Logistic Regression Performance:
Accuracy: 0.8045
Precision: 0.7826
Recall: 0.7297
F1-score: 0.7552

Decision Tree Performance:
Accuracy: 0.7877
Precision: 0.7368
Recall: 0.7568
F1-score: 0.7467

Random Forest Performance:
Accuracy: 0.8324
Precision: 0.8056
Recall: 0.7838
F1-score: 0.7945


## Summary:

### Data Analysis Key Findings
*   The data was split into training and testing sets with a test size of 20%.
*   Three classification models (Logistic Regression, Decision Tree, and Random Forest) were trained on the training data.
*   The Random Forest model achieved the highest performance on the testing data with an Accuracy of 0.8324, Precision of 0.8056, Recall of 0.7838, and F1-score of 0.7945.
*   Logistic Regression also performed well, with an Accuracy of 0.8045, Precision of 0.7826, Recall of 0.7297, and F1-score of 0.7552.
*   The Decision Tree model showed slightly lower performance compared to the other two models, with an Accuracy of 0.7877, Precision of 0.7368, Recall of 0.7568, and F1-score of 0.7467.

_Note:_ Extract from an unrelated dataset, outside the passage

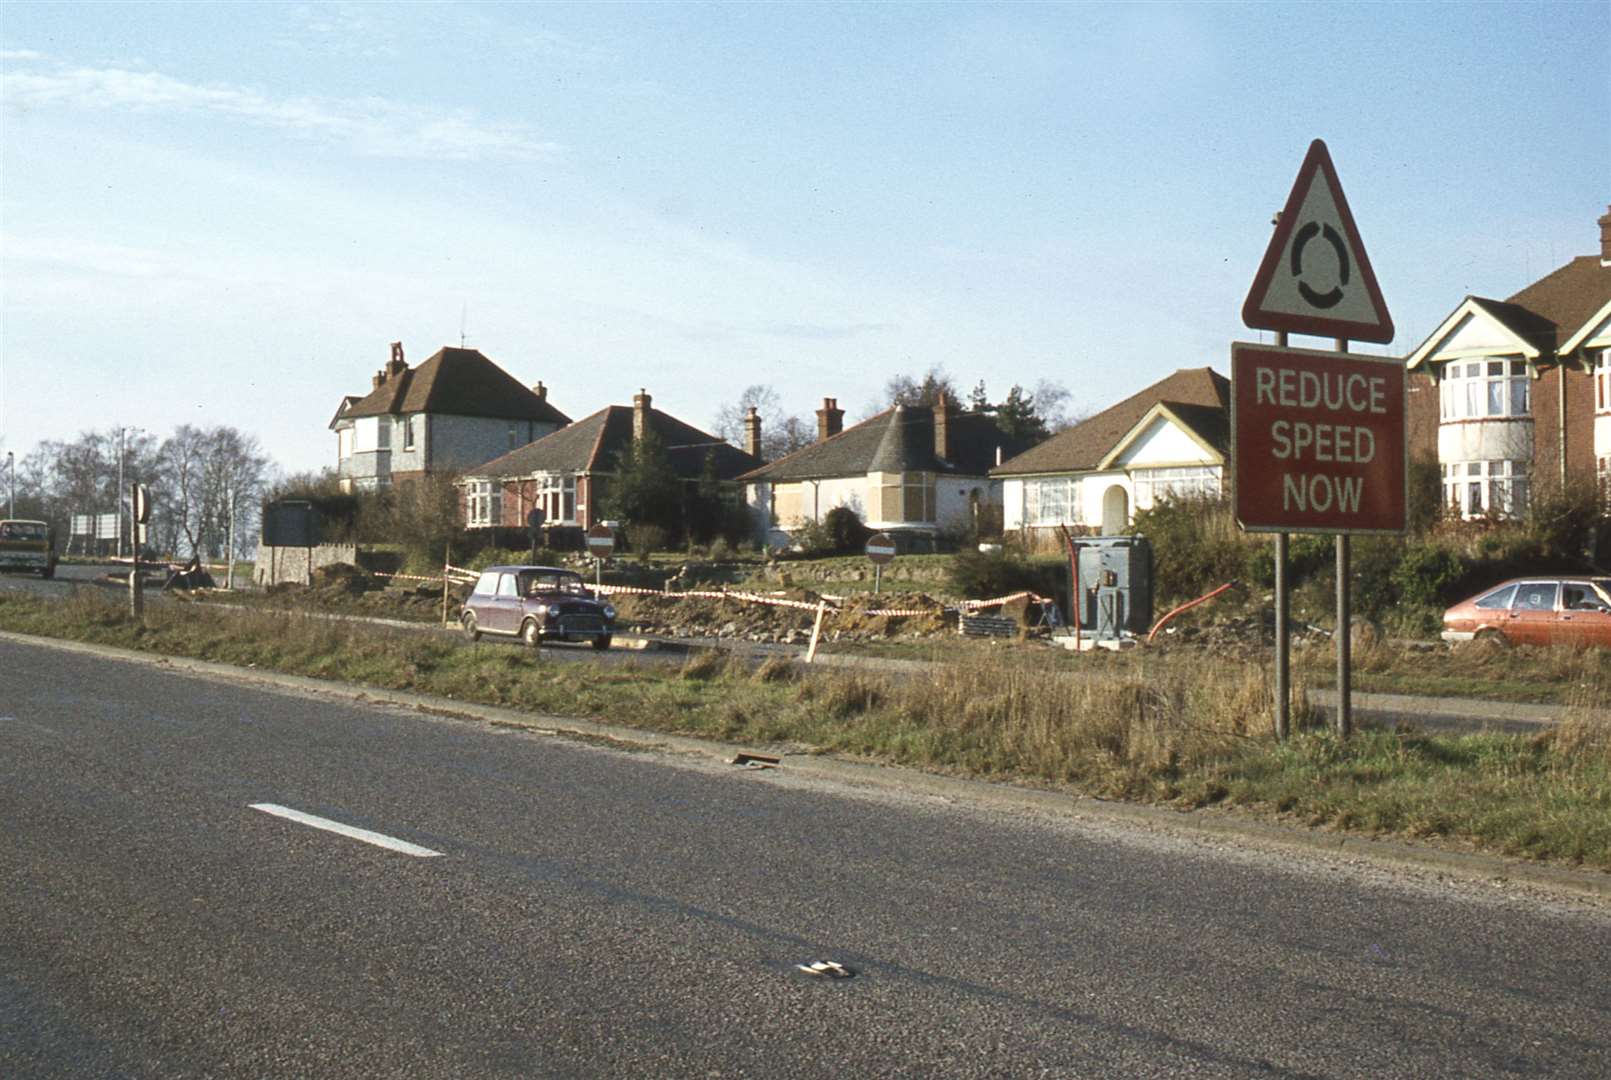 Some of the blighted houses in The Street Willesborough in 1978, beside the Ashford Bypass which was converted to the M20. Picture: Neville Marsh

### Insights or Next Steps
*   The Random Forest model appears to be the most promising for predicting survival based on the evaluated metrics.
*   Further analysis could involve hyperparameter tuning for the Random Forest model to potentially improve its performance, or exploring other advanced classification algorithms.